Content starts

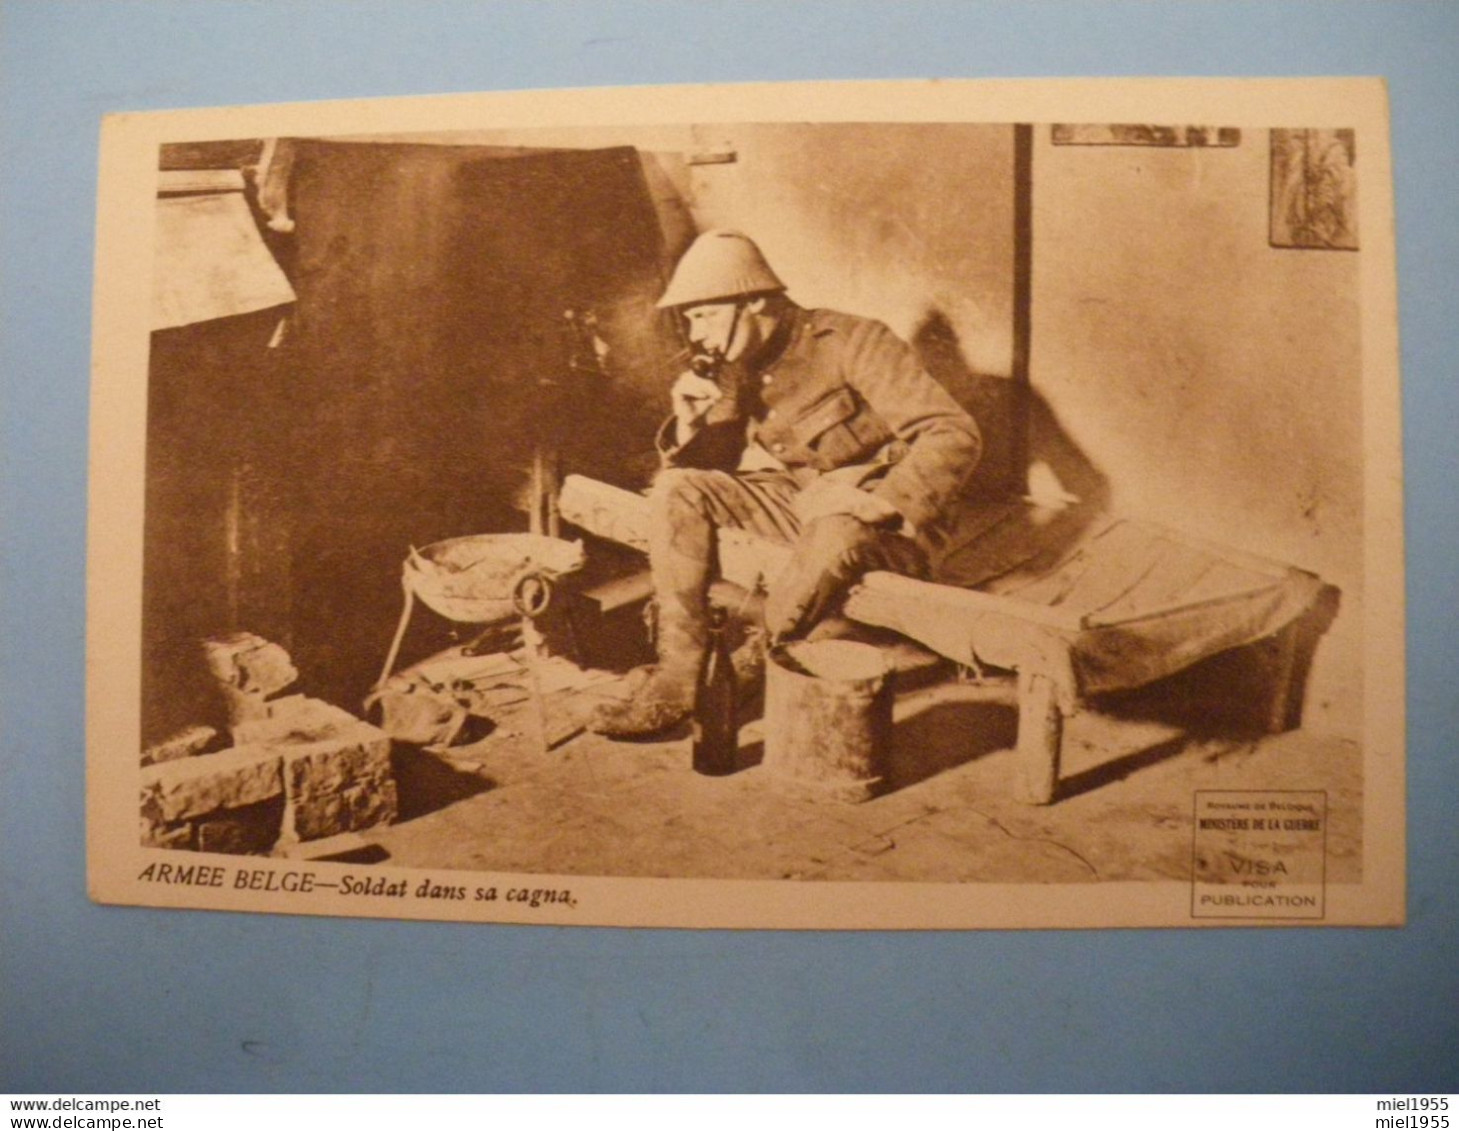 WW1 Armée Belge Soldat Dans Sa Cagna Emile VANDERVELDE (6 Photos) - Guerre 1914-18
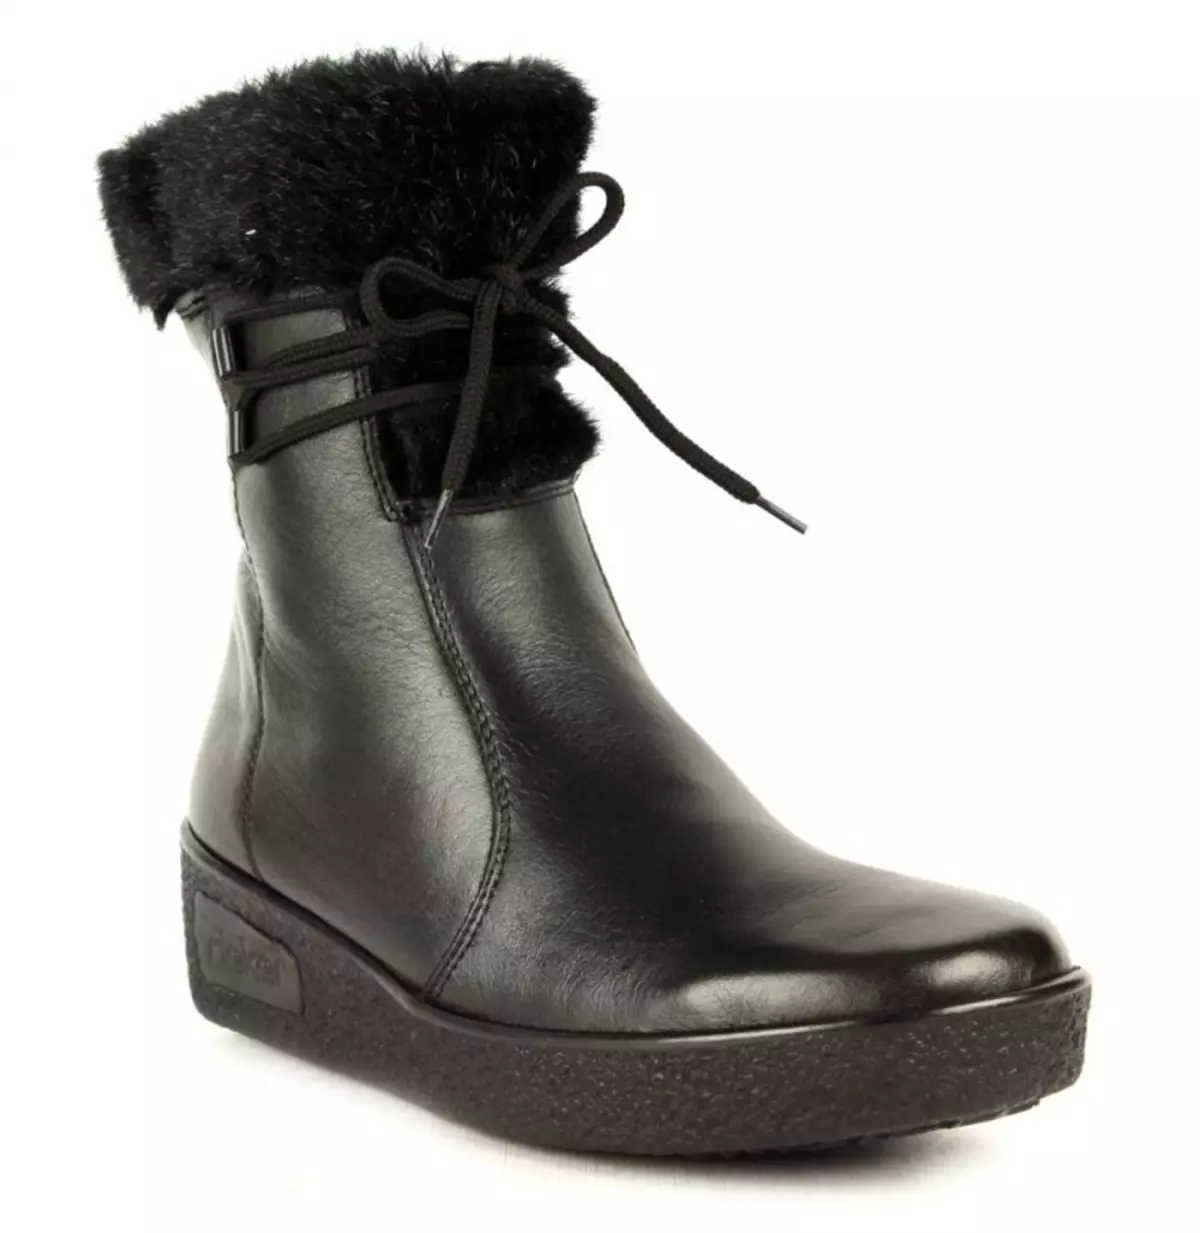 Rieker Boots (49 صورة / صور): نماذج أحذية الجلد المدبوغ أبيض المرأة ويدج، وكذلك أحذية الأطفال شركات ريكر، الاستعراضات 2092_34
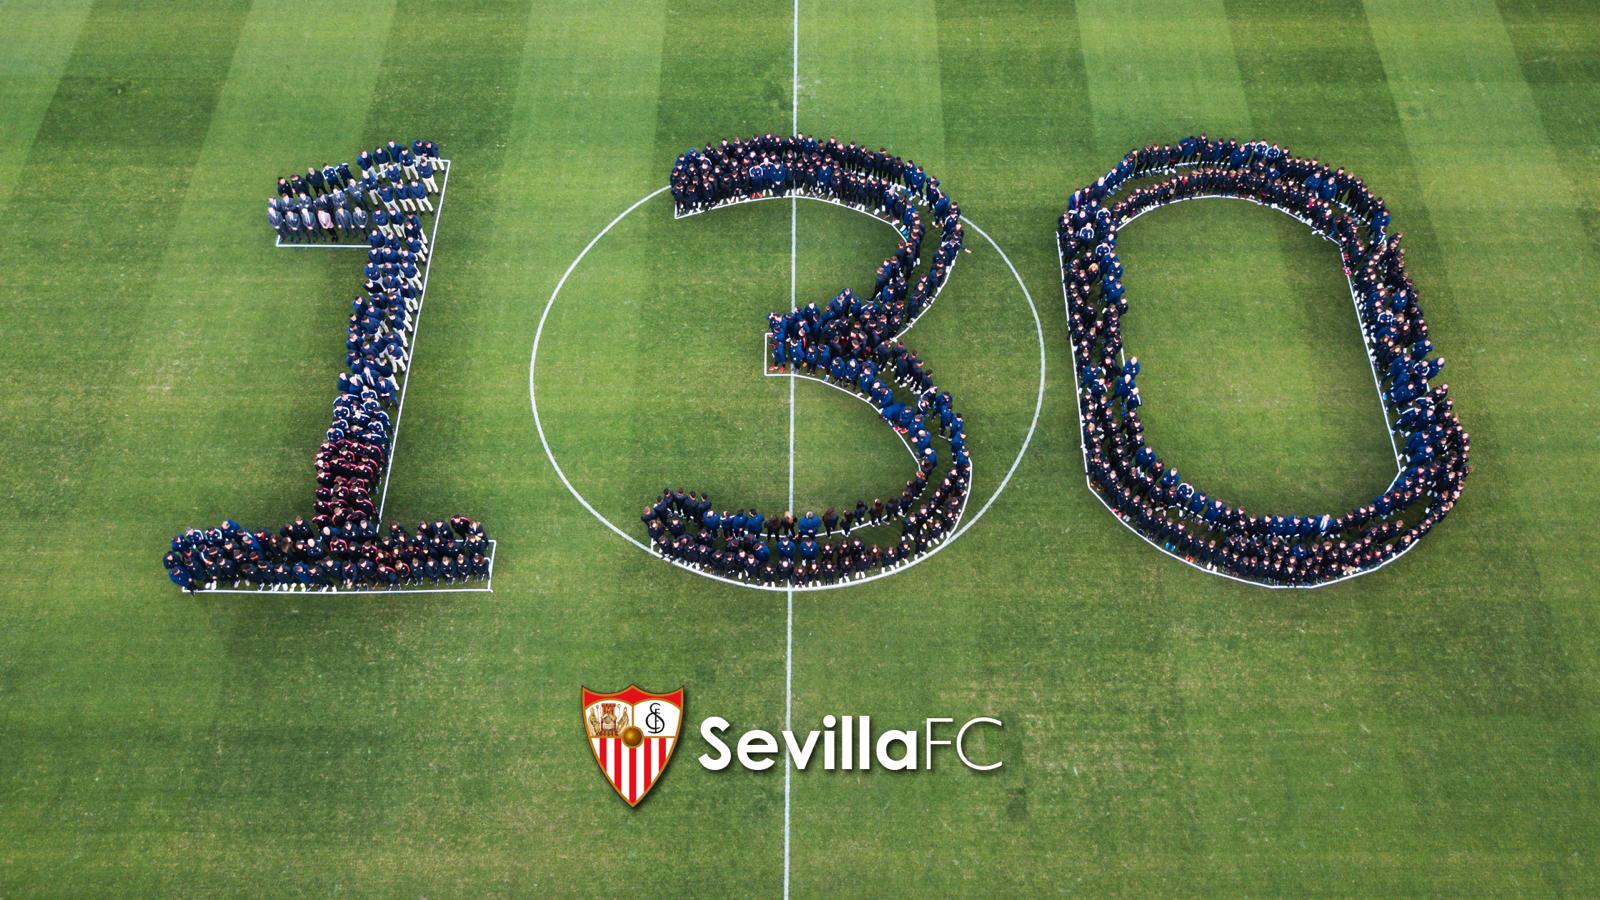 Las plantillas del Sevilla FC forman el 130 sobre el césped
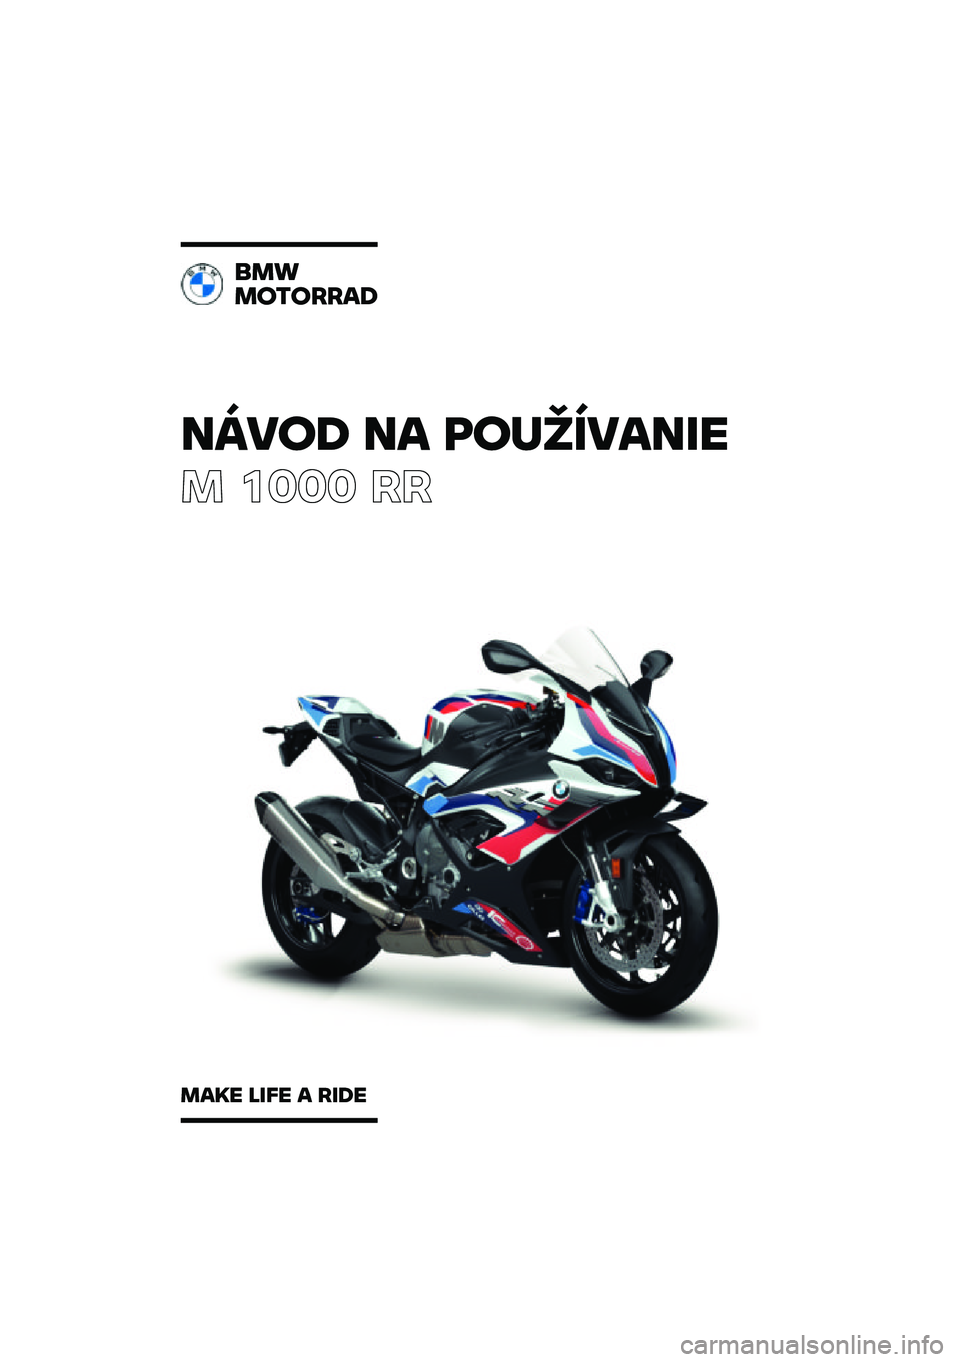 BMW MOTORRAD M 1000 RR 2021  Návod na používanie (in Slovak) �����\b �� �	��
�������
� ���� ��
���
��������\b
���� ���� � ���\b�

Content ends

### Requirement
Using the listing above, write out exactly the lines from the one that holds "BMW MOTORRAD M" through the last line, both included, and omit pictures.

### Answer below
 BMW MOTORRAD M 1000 RR 2021  Návod na používanie (in Slovak) �����\b �� �	��
�������
� ���� ��
���
��������\b
���� ���� � ���\b�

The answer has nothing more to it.